I thank you all... and "supposedly" there are laws at least regarding the genes from other species. But flowers and veggies that are advertised as "round up ready" have been genetically altered using the poison dna in order to be immune to it... As for the tomatoes, I was really just using that as an example. :-) I'm sure that there is (or would hope) safe genetic modification such as lab created hybridization, it's all the other things that might end up spliced into my seeds and could produce food that I don't care to eat.
Lisa, I am following and shopping from people who have taken the safe seed pledge but as long as there are no laws in place regarding the labeling of seeds that have been genetically modified...
Rick, according to much of what I'm reading all over the internet there is plenty of "false advertising" going on regarding seed varieties already. Most of the large seed companies get the bulk of their seeds from seed brokers and then name them as they will, it seems. It's all a little crazy.
>> Rick, according to much of what I'm reading all over the internet there is plenty of "false advertising" going on regarding seed varieties already.
I would not bet against that theory! And even where there are laws, I look at large corporations and I look at politicians, and I don't really overflow with trust and warm fuzzies.
Where did the "Roundup-Ready" gene come from? Bacteria? That should be transgenic to say the least! And yet it does seem to be in a huge number of food crops, which contradicts my impression that not MANY food crops were transgencially GMO. If I can find that GMO book again, I'll check its copyright date.
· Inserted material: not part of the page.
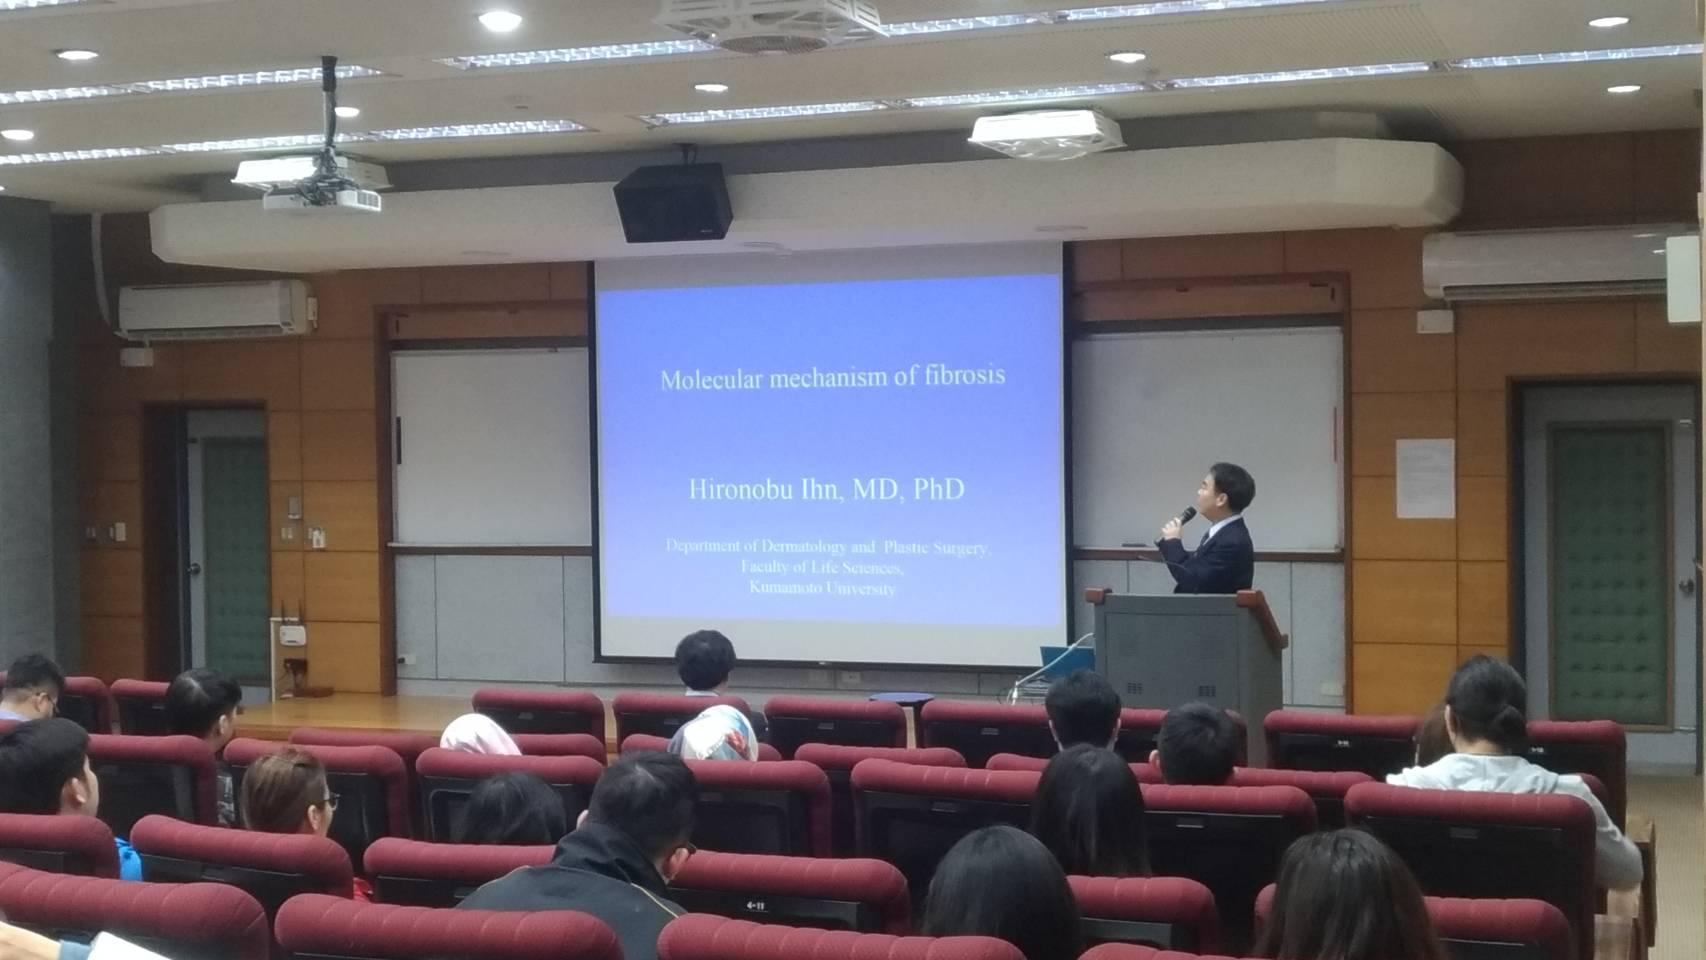 2019/03/26  Prof. Hironobu Ihn 演講照片

I seem to recall that "Bt" also comes from bacteria, ummm ... (Wikipedia, help me out ...) Bacillus thuringiensis ... but I forget what it is "for" ... Wiki ... yeah, "natural pesticide" or insecticidal endotoxins. Corn and cotton ... I wonder what else.
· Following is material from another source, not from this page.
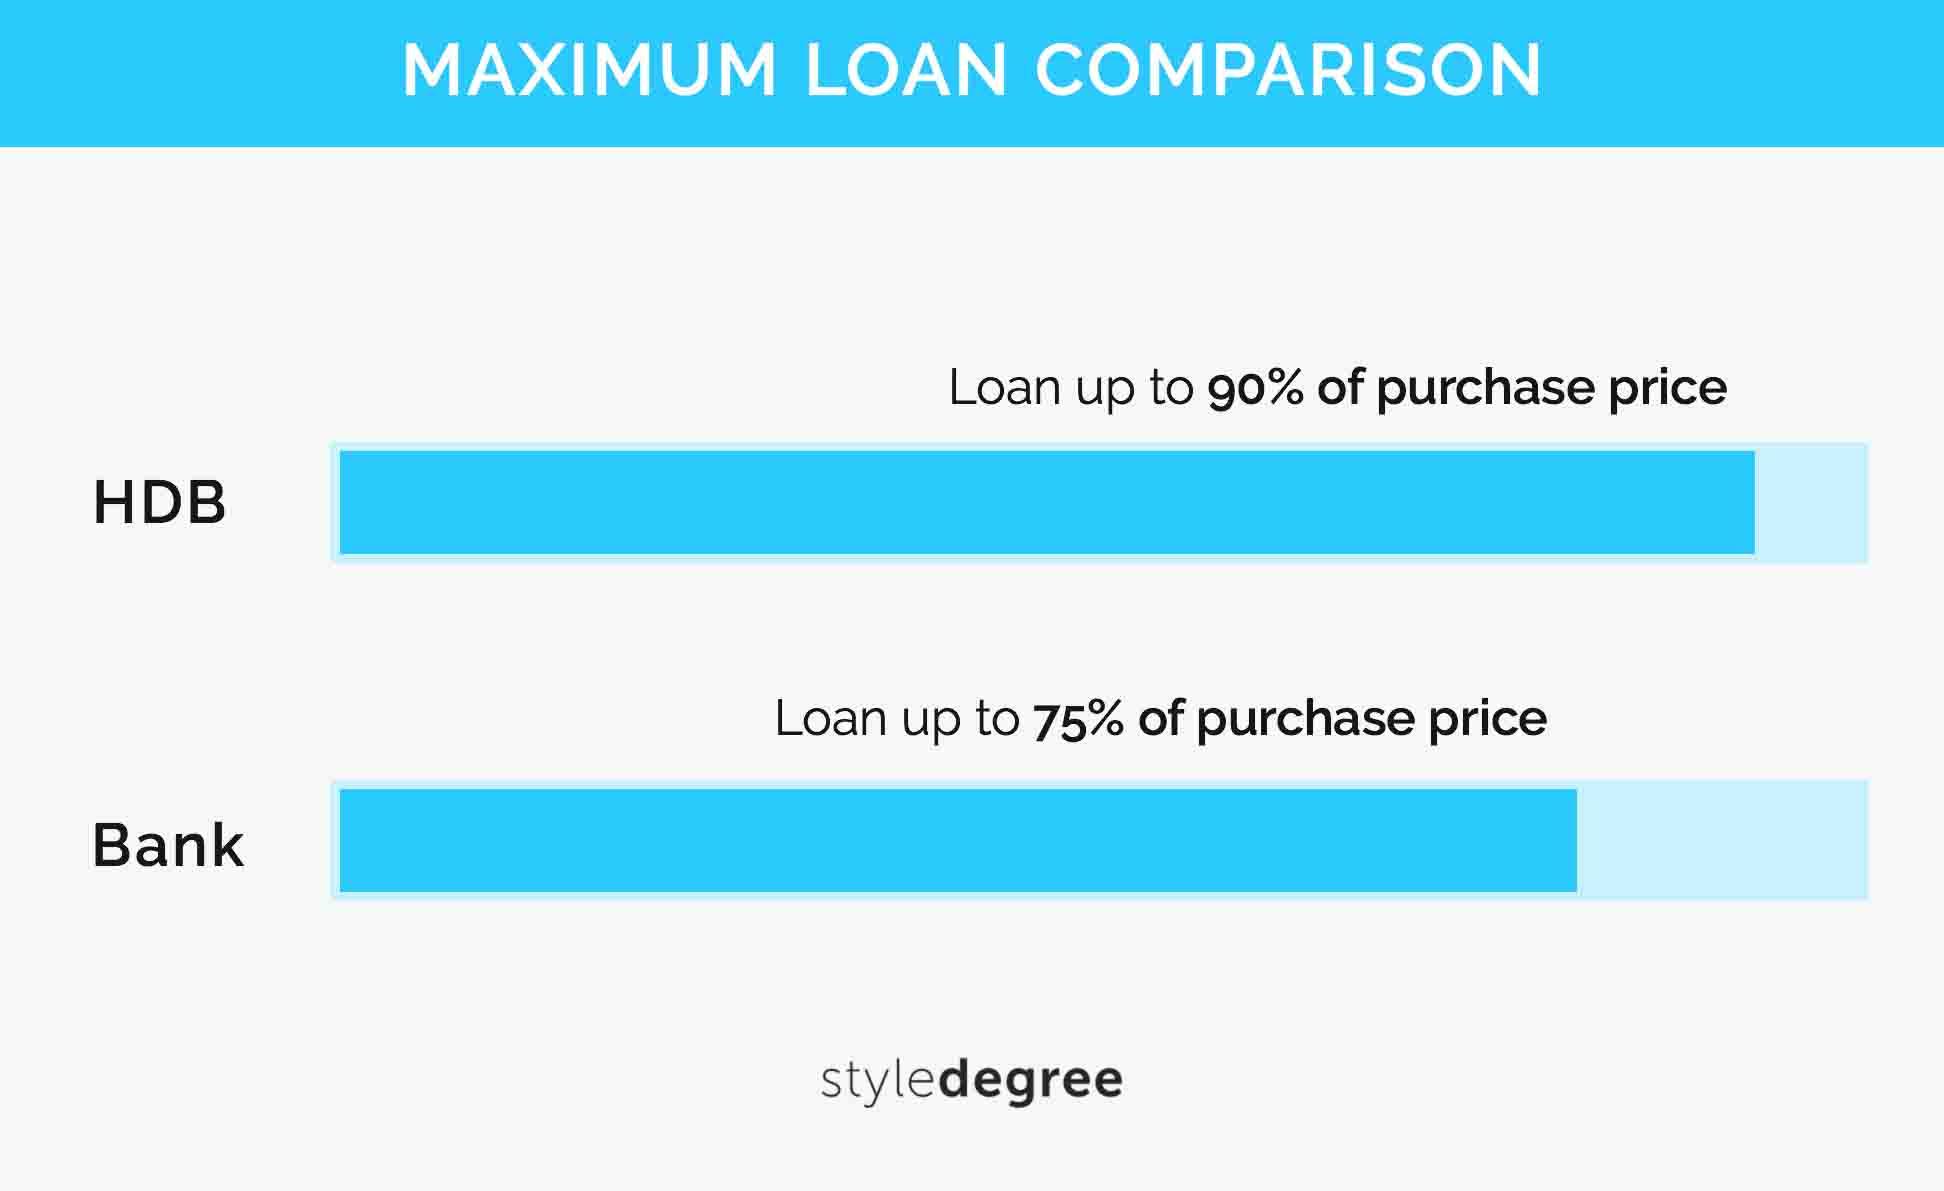 BTO Guide Loans Loan Downpayment Schemes HDB Bank Style Degree Sg Singapore

You really need to do a search or post on the veggie forum for that matter look on the veggie forum. There is so much info already on DG about this.
But GMOS and Hybrids simply are not the same thing. GMOS have genes that are not from said species. Hybrids are a cross between the same species to get natural hybrid vigor. There are laws regarding selling of seeds that are GMO as far as home gardeners go, just not in the food supply. I didnt say it made sense.
But there is so much info already here. This topic comes up every couple months. I dont know how to explain it, or where you are getting your information/propaganda. There is a lot of misinformation or 1/2 truths on this subject. But there are alot of threads that will answer all your questions. You just have to do a search or post on the appropriate thread to get an answer. The info is there. GMOs are very expensive to produce so there is little to no reason to get them to a home gardener. But yes there are labling laws regarding the seeds we grow.